It seemed an eternity before Jason returned, but in actuality it was only about ten more minutes. They had a brief fright when a couple of leather-jacketed DMW gangers swaggered by, but Susanna’s concealment power appeared still to be working since the gangers passed less than ten feet away and didn’t react to them.
“Hurry up,” Jason said when he arrived, glancing back over his shoulder. “I’m parked illegally.” He grabbed the boy again, while Susanna and Verity helped Lissy up and hustled her out the exit. Stone hurried ahead of all of them, jumping into the driver’s seat while the others arranged their passengers, seating Lissy as far as they could manage away from the boy.
Stone drove off quickly, careful not to draw attention. He pulled out a paper from his pocket and consulted it, then took a right out of the little side street where Jason had parked.
“How far is it?” Verity asked. She kept casting nervous glances at the kid, as if she expected him to wake up any minute.
“Five minutes. Just sit tight—we’ll be there soon.”
Two more rights took them down a largely deserted commercial street lined with gas stations, small auto body and machine shops, and other similar light-industrial buildings. The gas station Lamar had told them about was right where it was supposed to be, and did in fact appear abandoned.
“Go check the left side roll-up door,” Stone told Jason as he drove through the weed-choked parking lot up close to the building. “Lamar said it would be unlocked.”

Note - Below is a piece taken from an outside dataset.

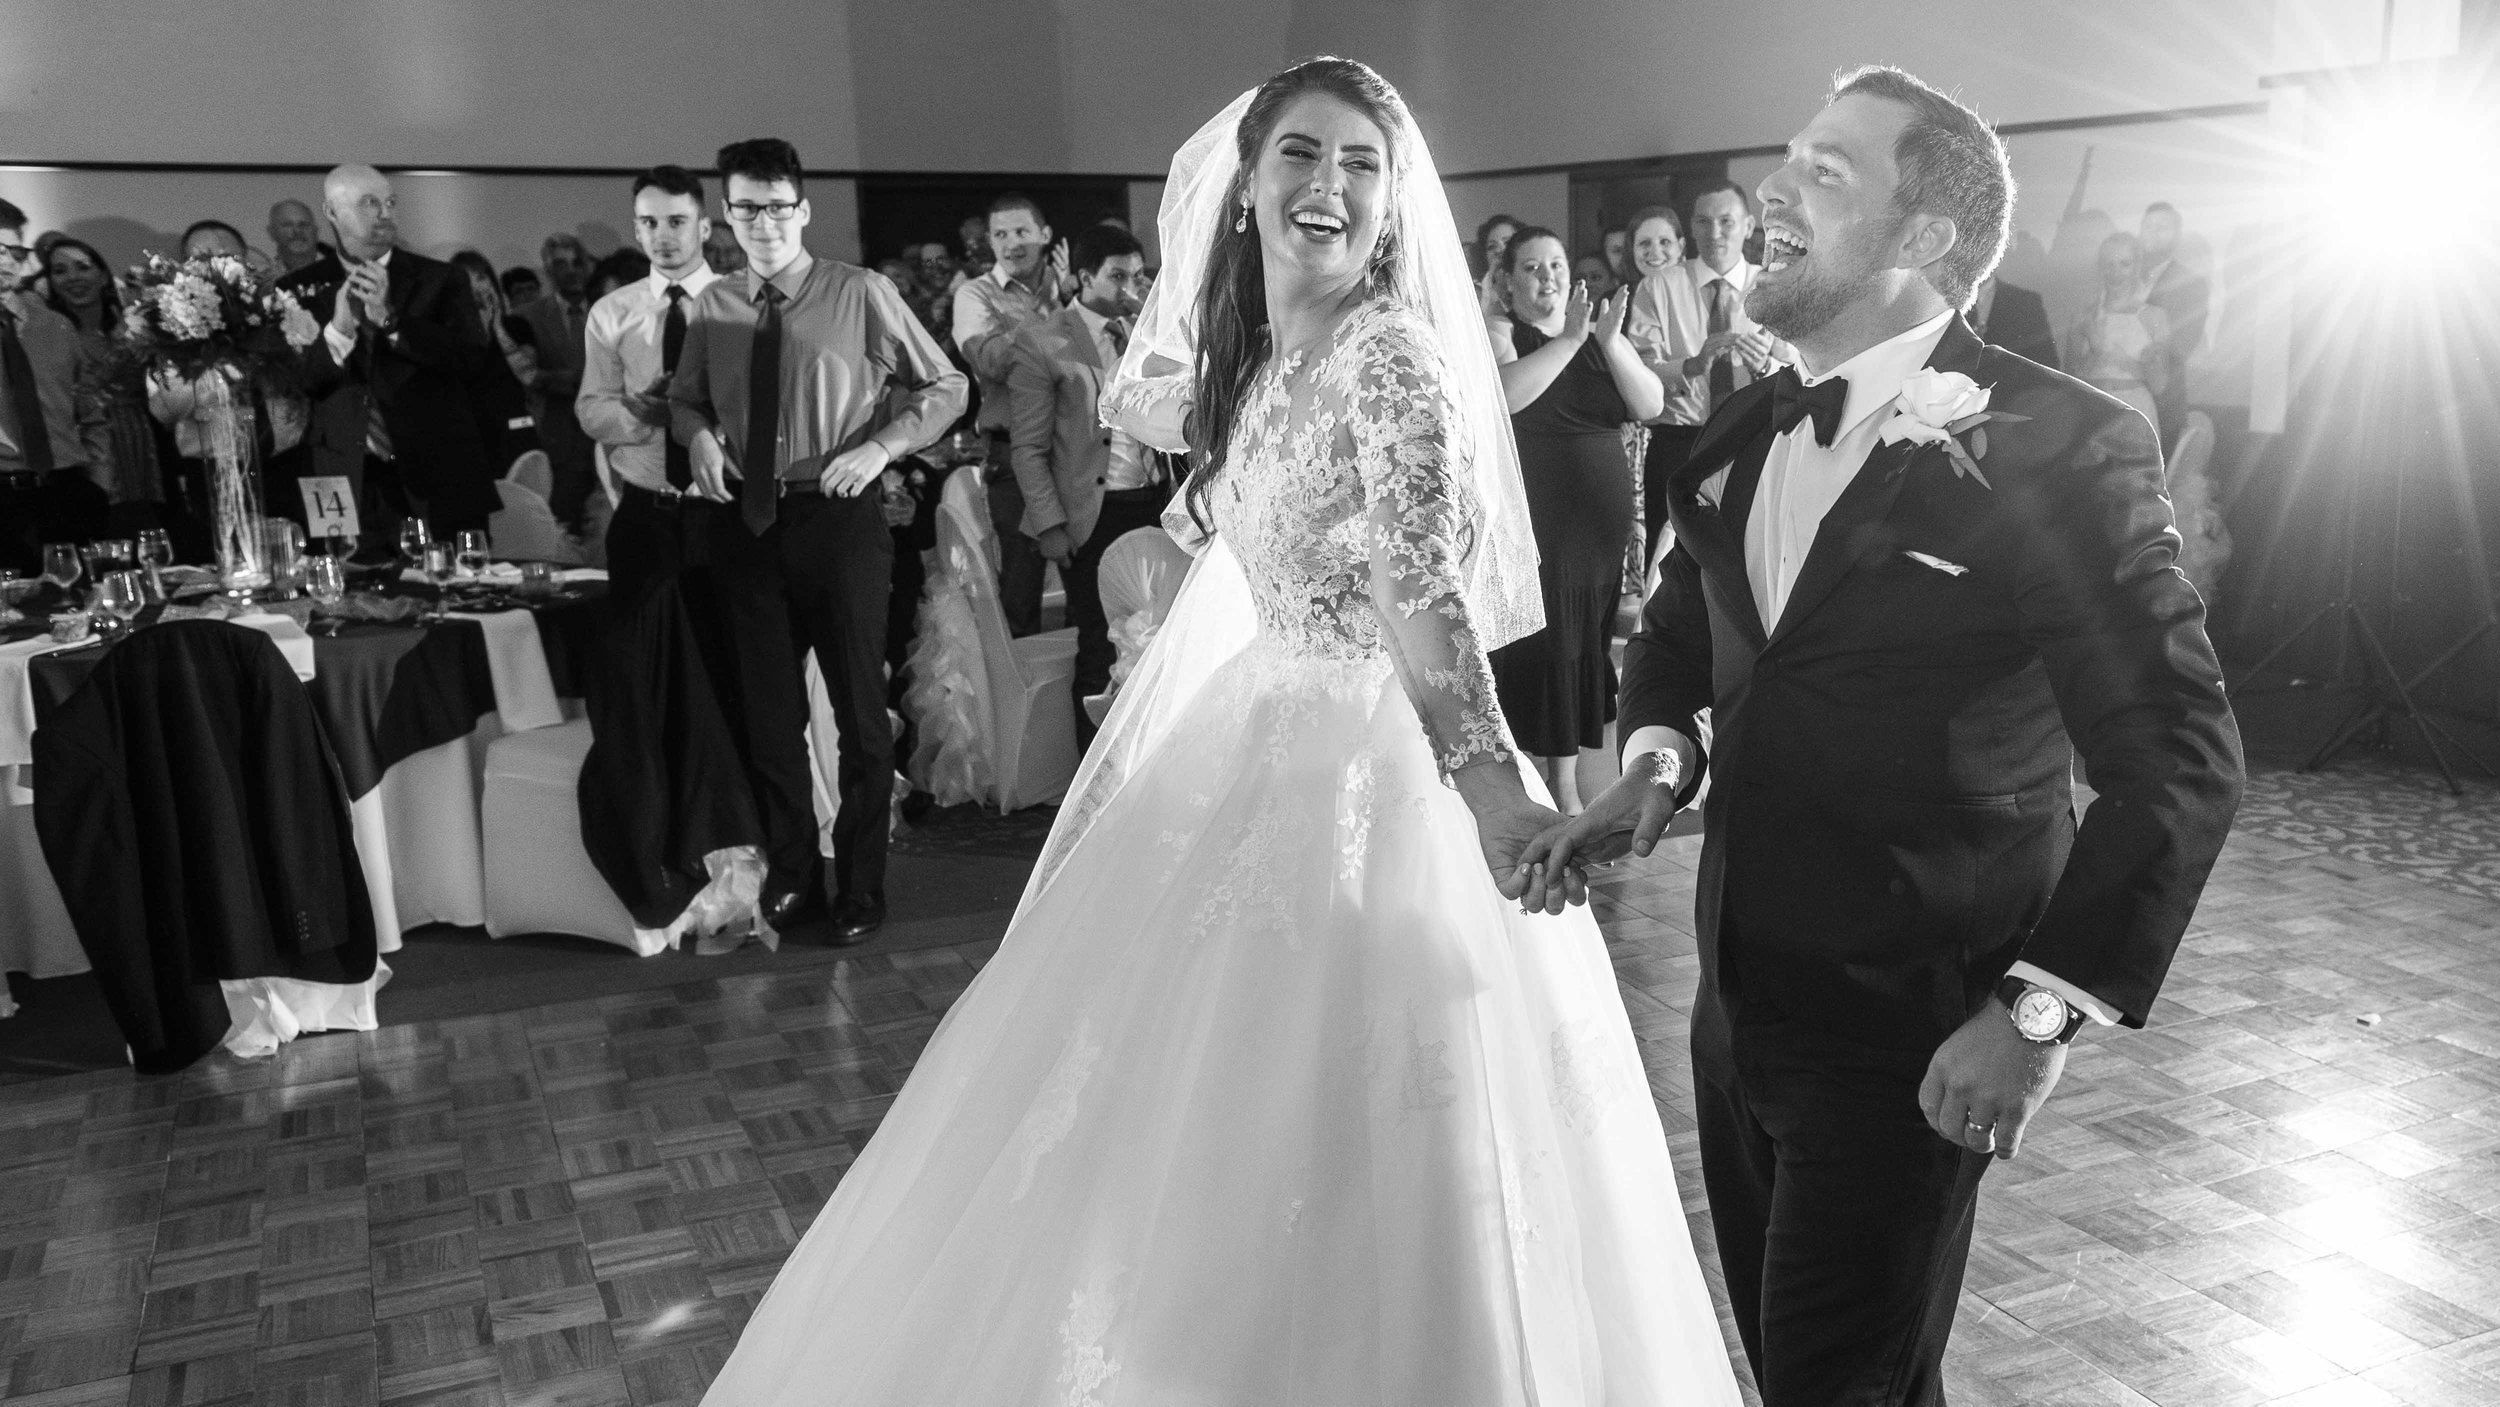 Wedding-Reception-Holy-Trinity-Center-4.jpg

Jason leaped out of the van and ran over to tug on the door. It was indeed unlocked. He pushed it up the rest of the way, then pulled it back down again once Stone had driven the van inside. “Everybody out,” Stone announced. “End of the line.”
Jason hustled the kid out. When they looked back at Susanna, she shook her head. “We’re gonna stay right here,” she said. “I think Lissy’ll be okay once she’s away from that boy.” She started to fumble in her bag for a cigarette again, glanced at Stone, grumbled something under her breath, and settled back in the seat with a resigned sigh.
“I don’t know how long this will take,” the mage told her. “It might be a bit of a wait.”
“That’s fine. We’ll just get us a little sleep. It’ll be nice for a change to sleep without worryin’ something’s comin’ after us.”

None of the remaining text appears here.